- _Exercise_: Please make sure what you return matches the listing below exactly, minus its pictures.

- _Material provided_:
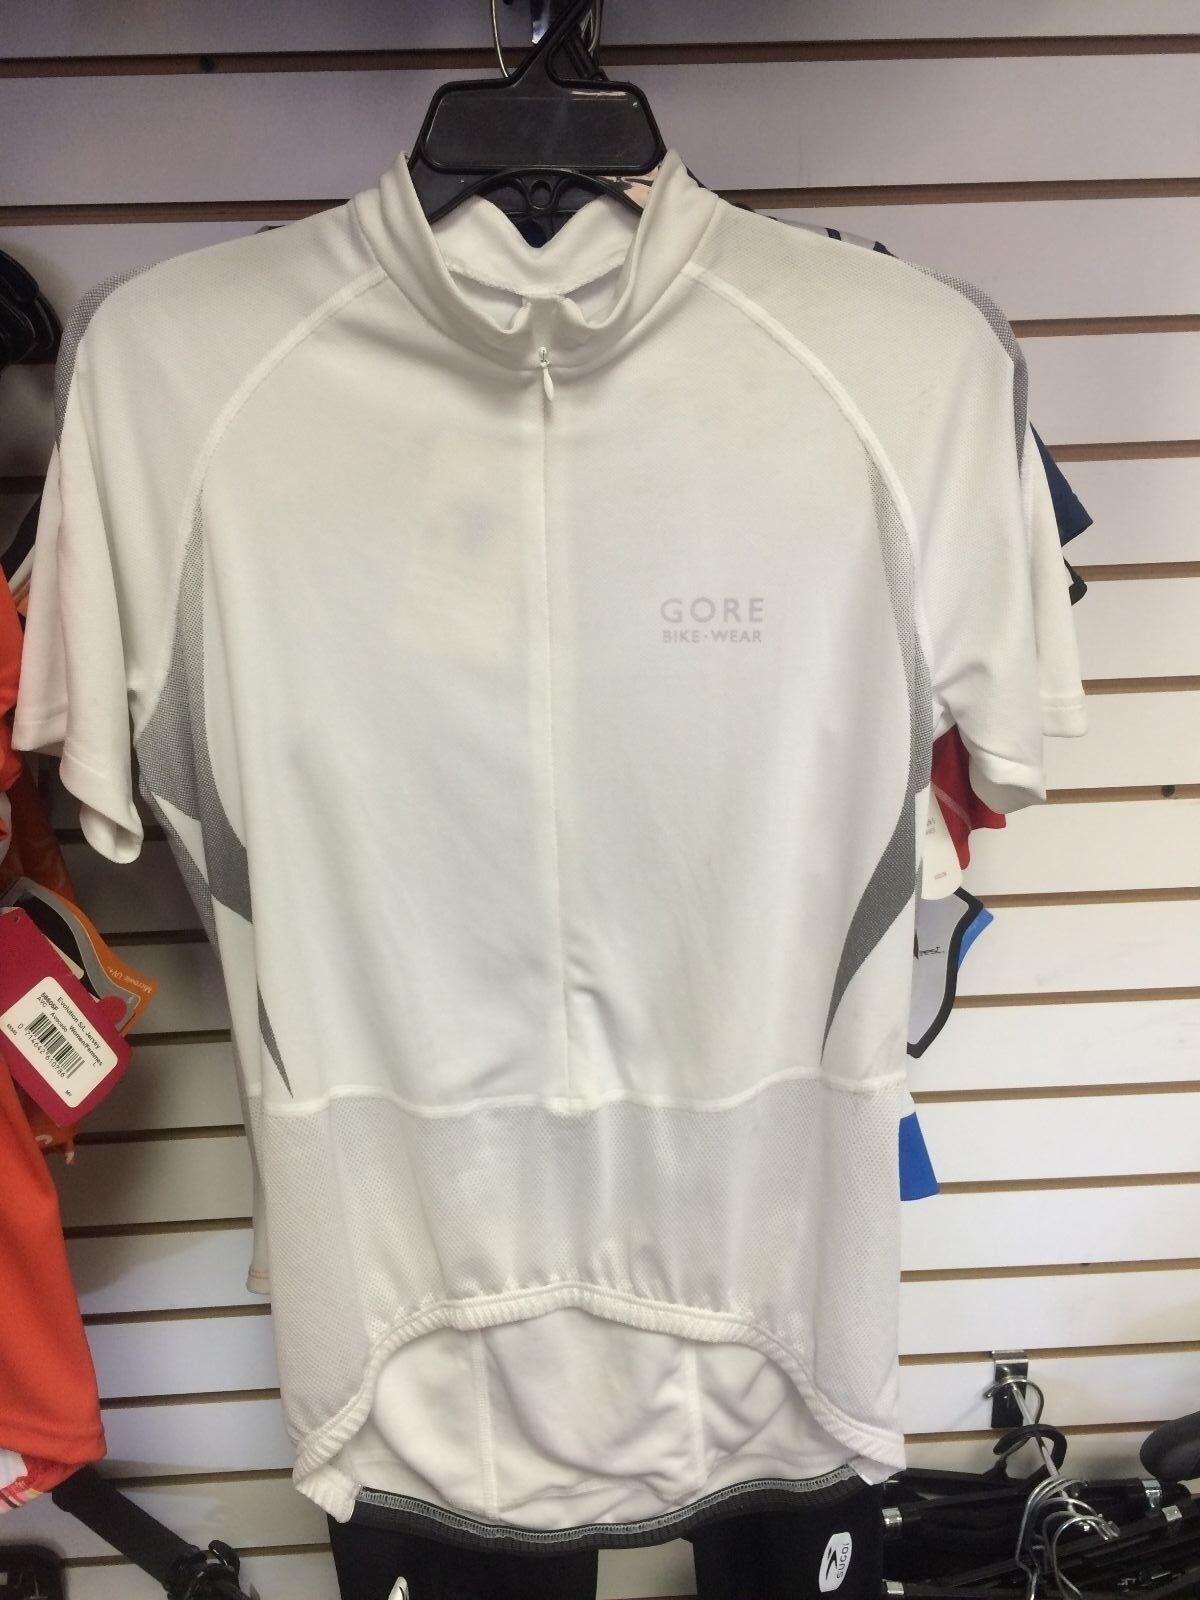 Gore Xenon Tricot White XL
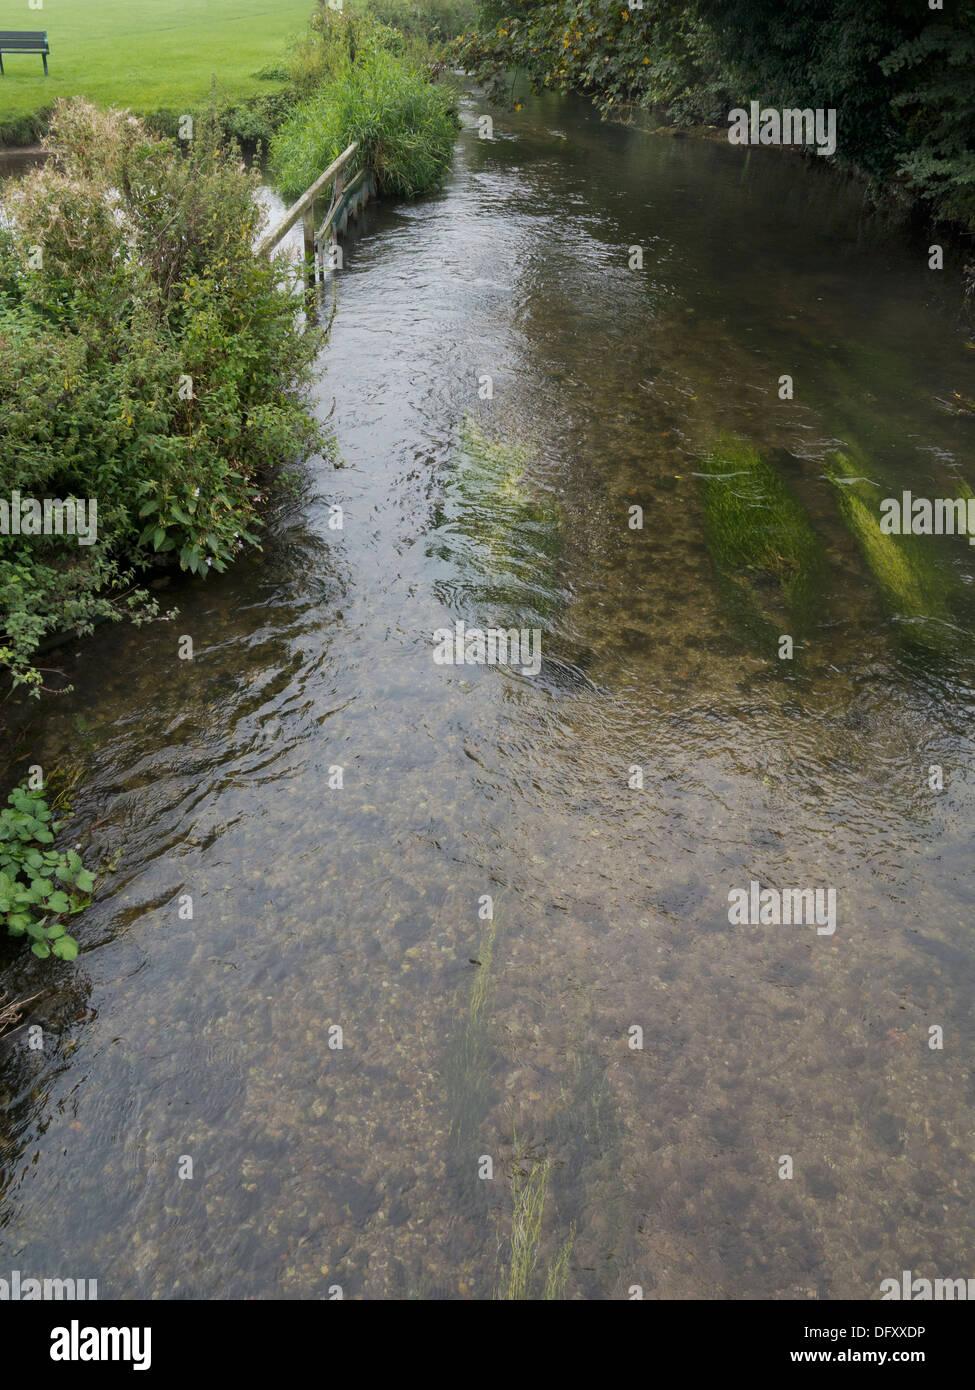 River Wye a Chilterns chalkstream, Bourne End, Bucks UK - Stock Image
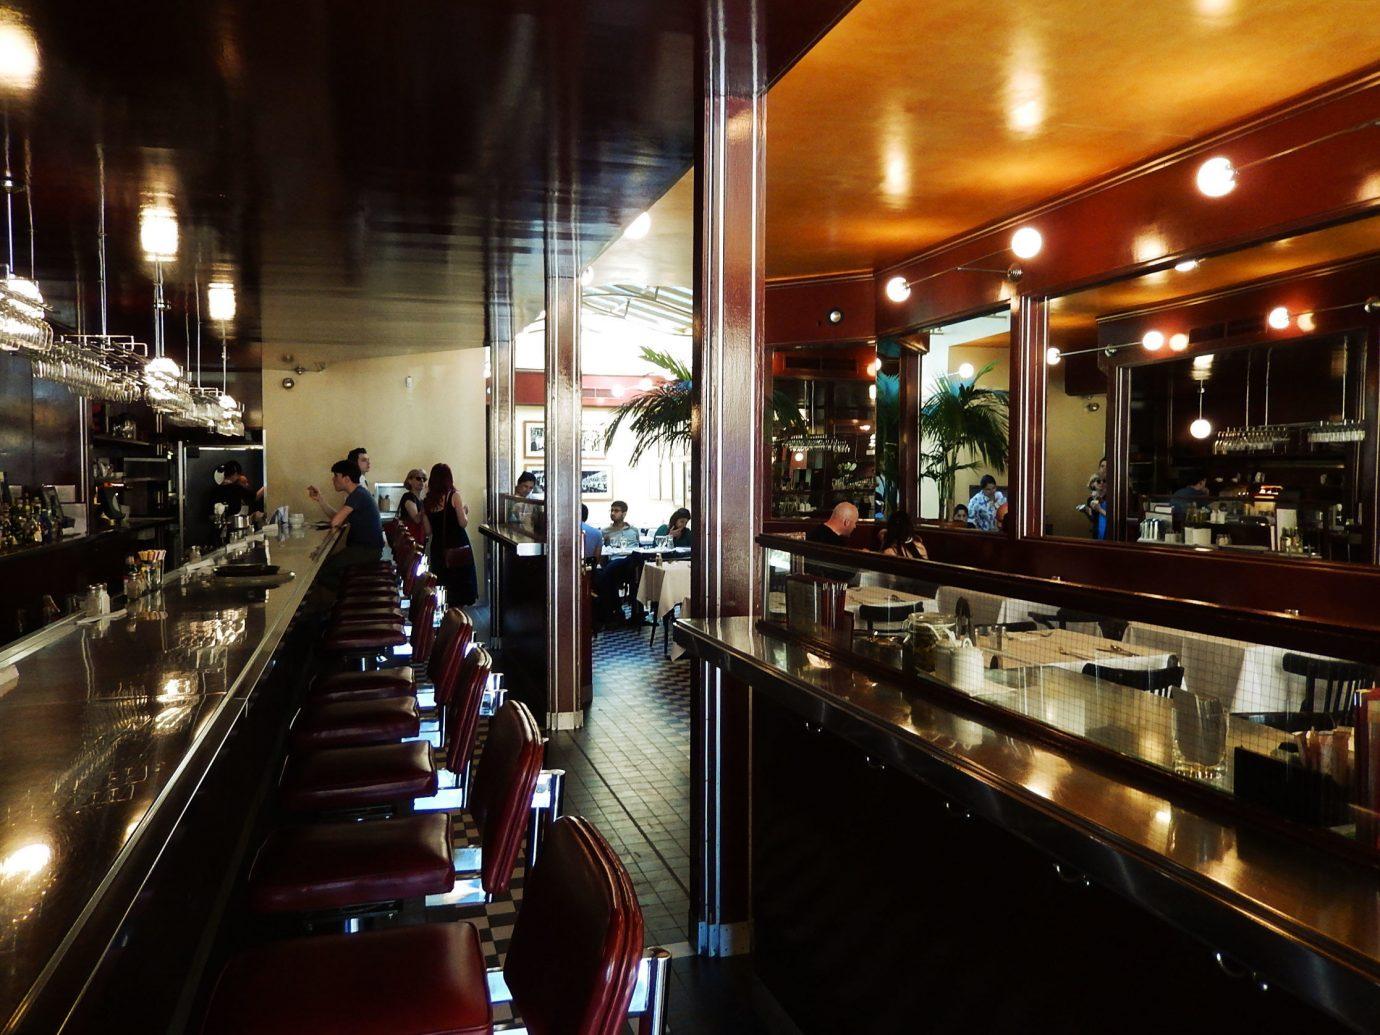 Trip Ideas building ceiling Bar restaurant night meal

- _Solution to the exercise_:
 Gore Xenon Tricot White XL
 River Wye a Chilterns chalkstream, Bourne End, Bucks UK - Stock Image
 Trip Ideas building ceiling Bar restaurant night meal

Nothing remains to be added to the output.